Spix was to concentrate his effort on animals, the local people and geological recording, including the collection of fossils. Martius was to devote his energies to botanical investigation, including soil types and the study of how plants spread to new lands. The King was a bird collector in his own right and hoped that the two men would bring him novel and unique prizes from their expedition in the New World. ‘After everything possible was got ready, and the books, instruments, medicine chest, and other travelling equipage sent off direct to Trieste, we set out from Munich on 6 February 1817, for Vienna.’ At Trieste they joined the ships, two naval frigates, the Augusta and the Austria . Both were substantial vessels equipped with forty-four guns and a crew of 240 sailors.
On 29 June they crossed the equator and on 13 July Cabo Frio was sighted, ‘and soon after the noble entrance of the bay of Rio de Janeiro’. 1 The arrival in South America made a big impression on the travellers.
Towards noon, approaching nearer and nearer to the enchanting prospect, we came up to those colossal rock portals and at length passed between them into a great amphitheatre, in which the mirror of the water appeared like a tranquil inland lake, and scattered flowery islands, bounded in the background by a woody chain of mountains, rose like a paradise full of luxuriance and magnificence … at length the capital of the infant kingdom, illuminated by the evening sun, lay extended before us.
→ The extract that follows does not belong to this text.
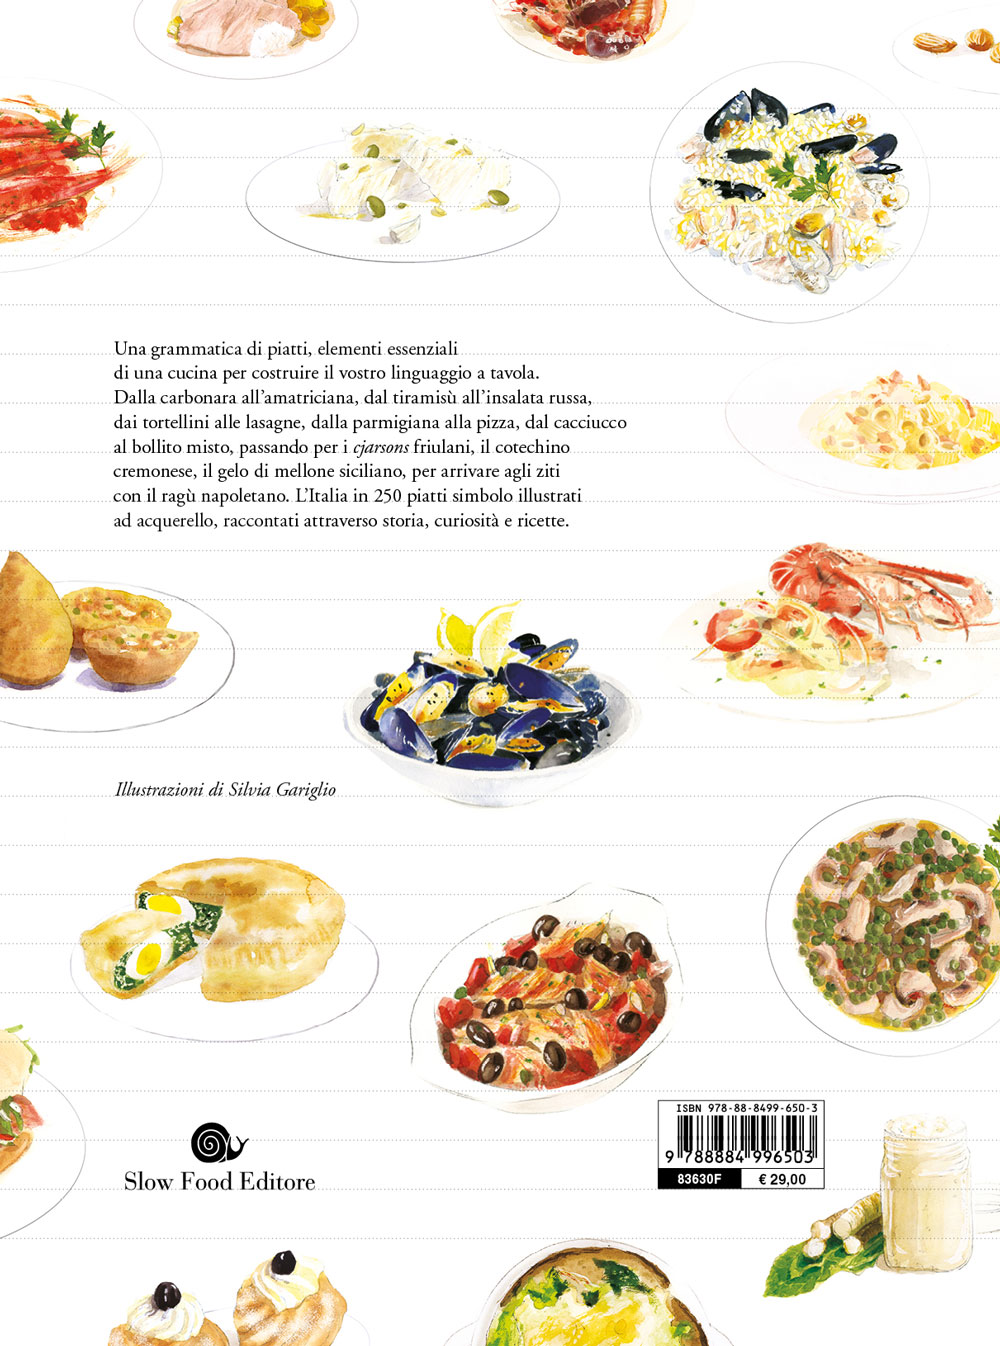 Grammatica illustrata della cucina italiana

A sensation, not to be described, overcome us all at the moment when the anchor struck the ground at another continent; and the thunder of the cannon, accompanied with military music hailed the desired goal of the happily accomplished voyage.
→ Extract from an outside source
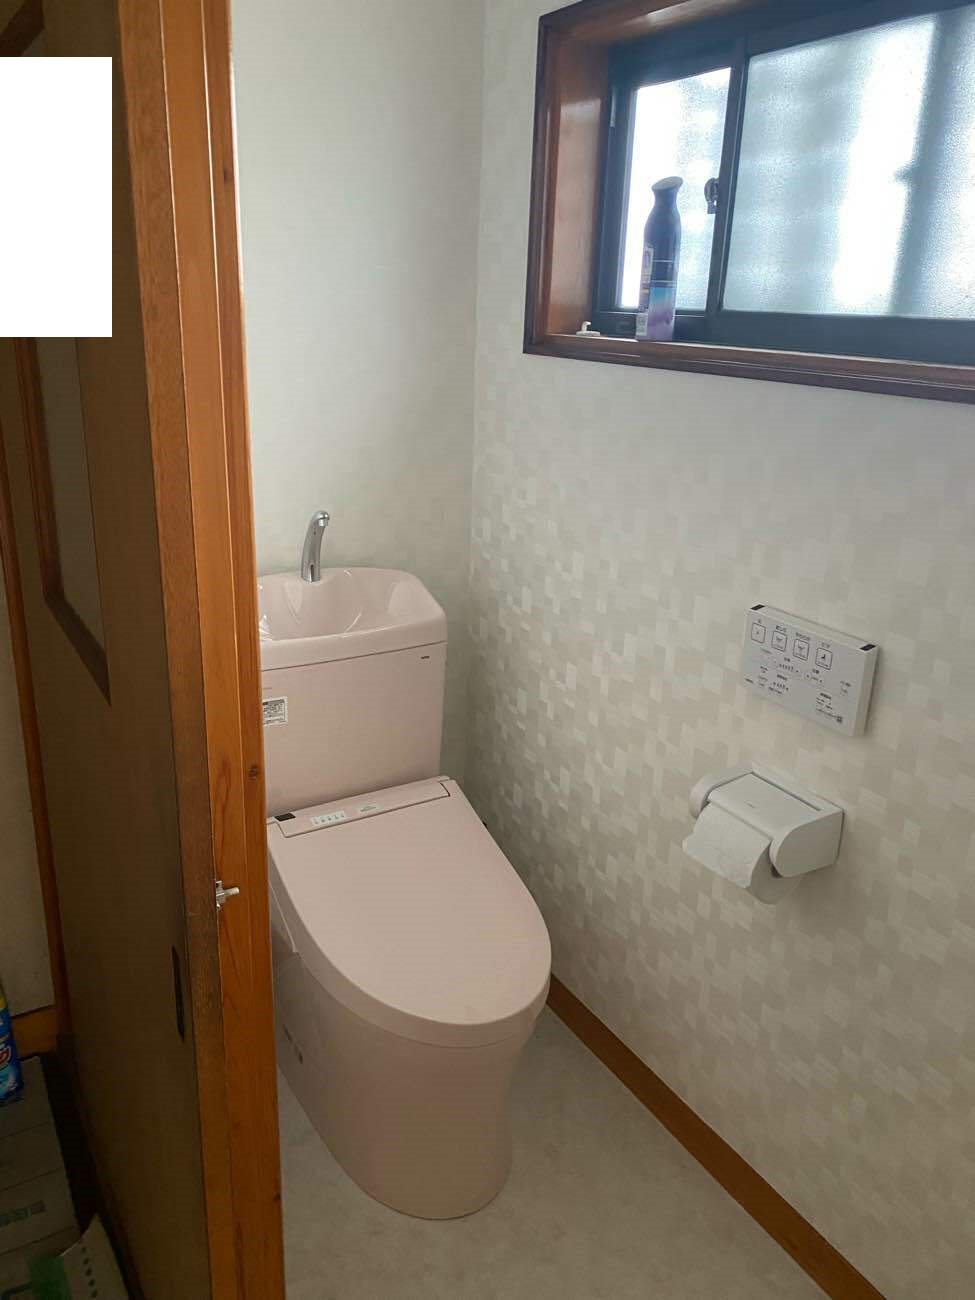 【埼玉県三郷市】S様邸トイレ交換工事が完了しました。TOTOピュアレストQR 画像

The travellers decided to spend some time initially in the relative cool and comfort of the south east of the country, first in Rio de Janeiro and then in São Paulo and Curitiba. Spix and Martius explained, ‘it seemed most expedient to journey first to the southern Captaincy of S. Paulo, mainly to acclimatise ourselves gradually to the hot conditions we would encounter during our travels and acquaint ourselves with this more temperate southern zone. From the Captaincy of S. Paulo we planned to travel through the interior of Minas Gerais to the S. Francisco River and Goyaz, before continuing either down the Tocantins to Pará or across the interior to Bahia and the coast, where we would arrange transport of our collections to Europe before penetrating the interior of the Captaincies of Piauhy and Maranhão to arrive finally at Pará, the goal of our desires.’
To a twenty-first-century traveller, such an itinerary would be demanding enough, entailing a journey of thousands of kilometres, mainly on rough tracks and by river. Although the Bavarians enjoyed the small luxury of letters of recommendation from the Portuguese – Brazilian Government that would help smooth their path with colonial administrators, they could carry only basic equipment, much of which was for scientific purposes rather than their personal comfort. They had incomplete maps, primitive medical supplies and could rely only on mule trails and rivers to cover the vast distances that lay ahead of them. In those times, natural history exploration was a hazardous business. Disease, attack from native people or wild animals, climbing and firearms accidents, starvation and even the use of dangerous chemicals for scientific purposes, like arsenic, all took their toll on the early naturalists.